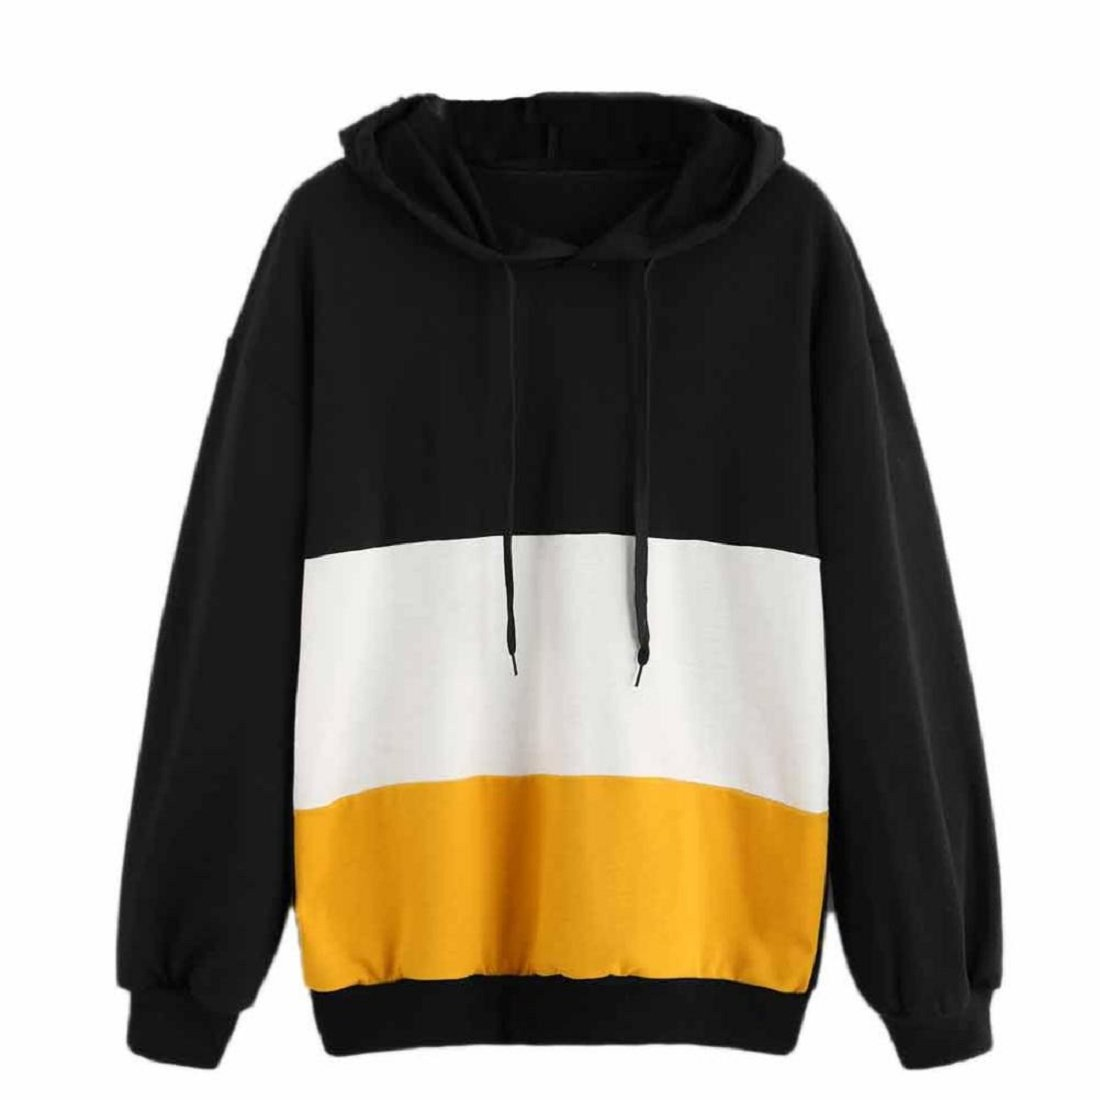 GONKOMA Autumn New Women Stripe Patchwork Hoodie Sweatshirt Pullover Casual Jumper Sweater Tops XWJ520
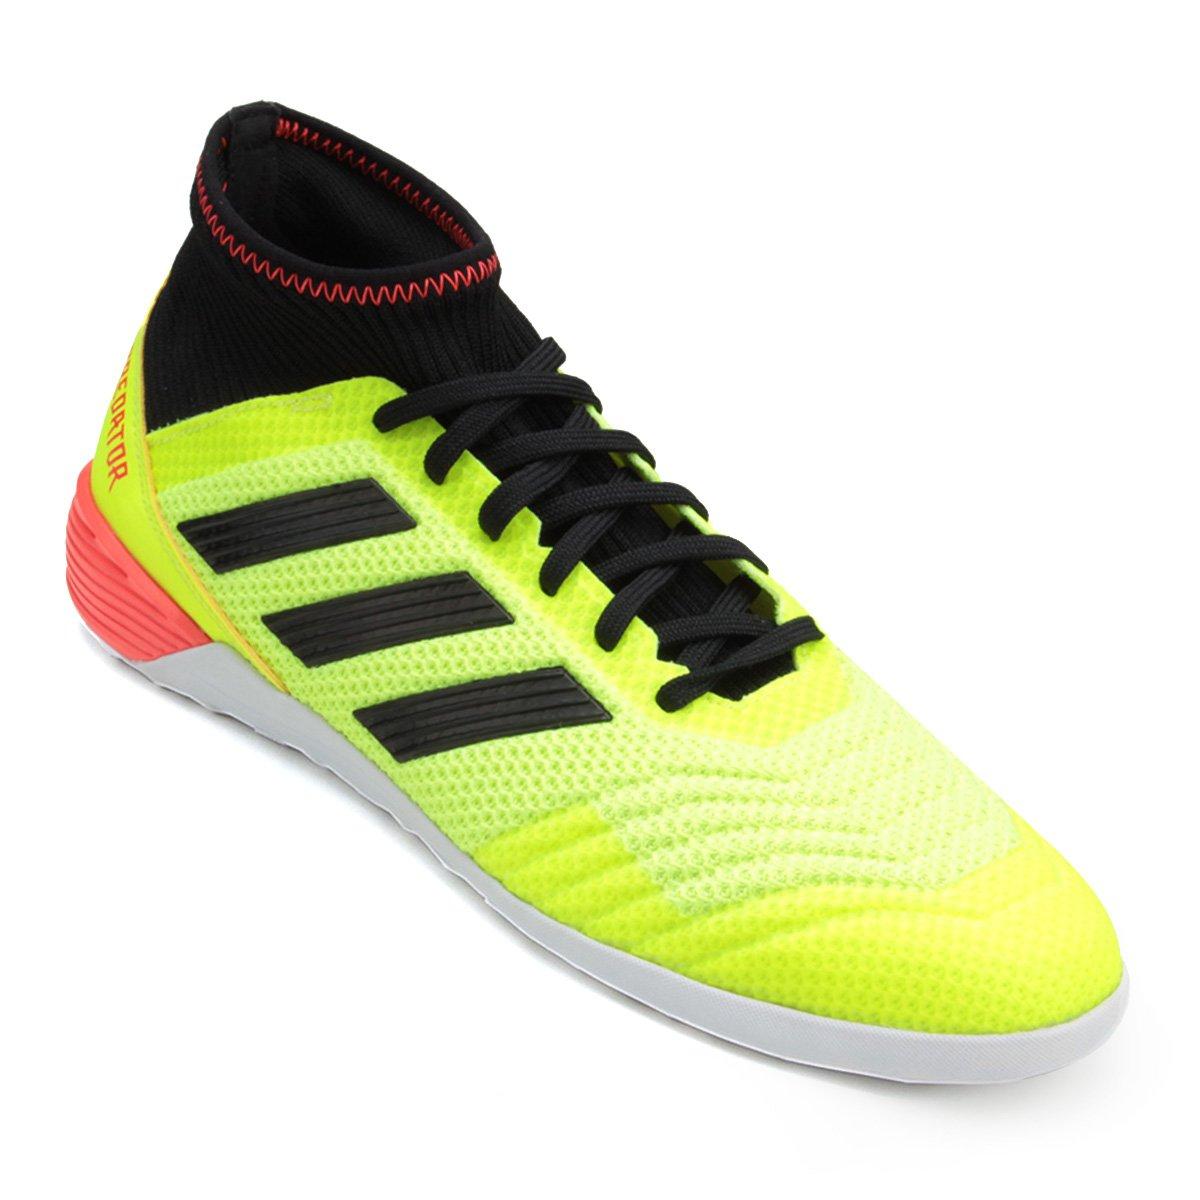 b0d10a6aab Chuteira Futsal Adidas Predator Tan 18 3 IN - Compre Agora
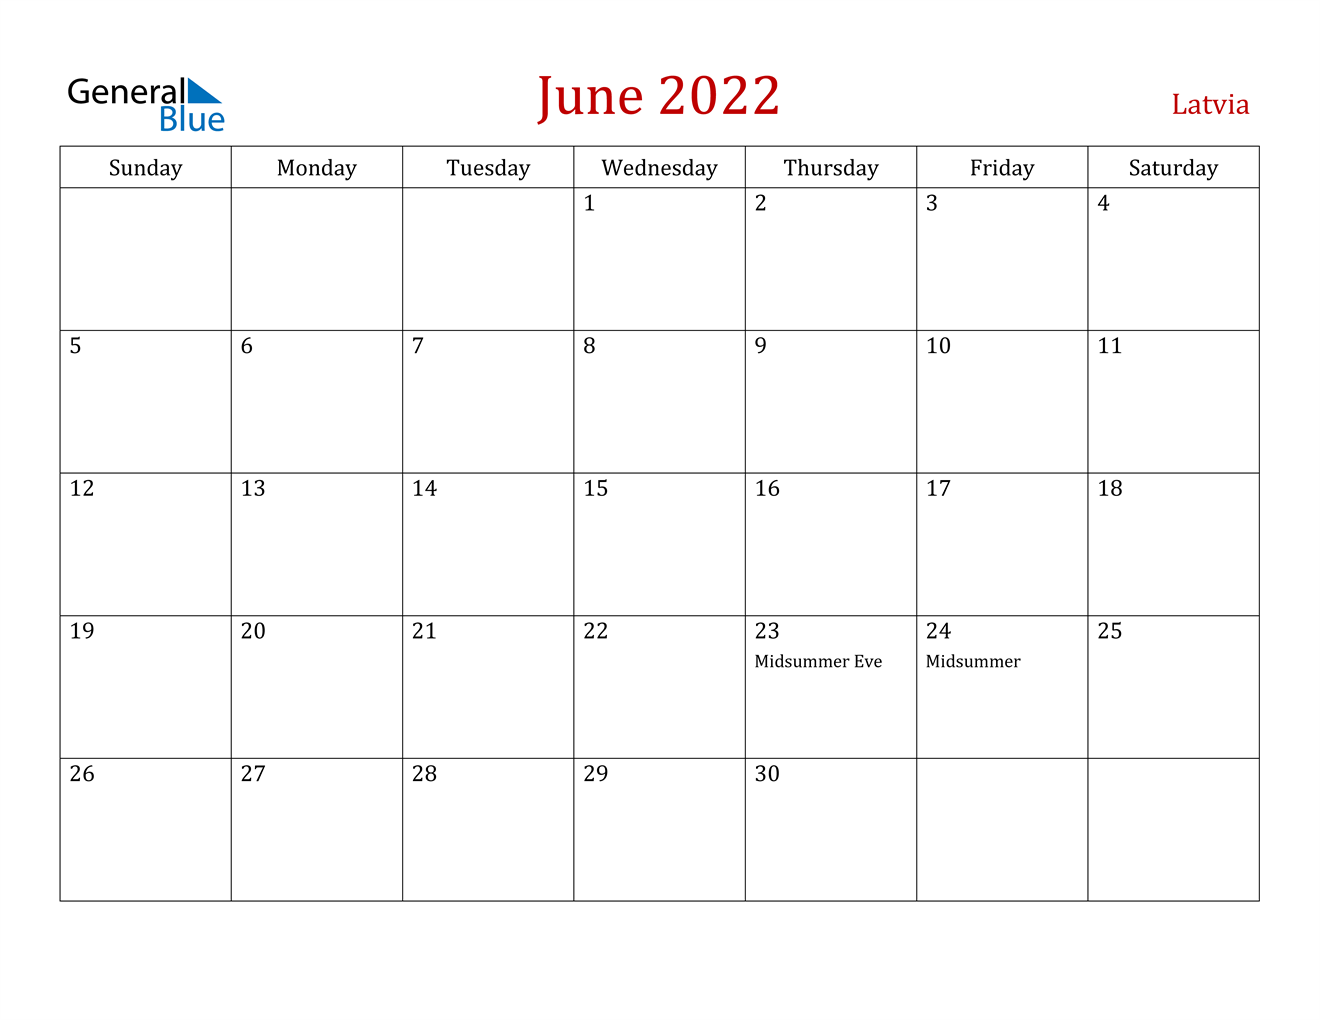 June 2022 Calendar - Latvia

Task directions: Leaving out every picture, extract verbatim the lines from the one containing "b0d10a6aab Chuteira Futsal" through the last line of the listing, inclusive.

Reply:
 b0d10a6aab Chuteira Futsal Adidas Predator Tan 18 3 IN - Compre Agora
 June 2022 Calendar - Latvia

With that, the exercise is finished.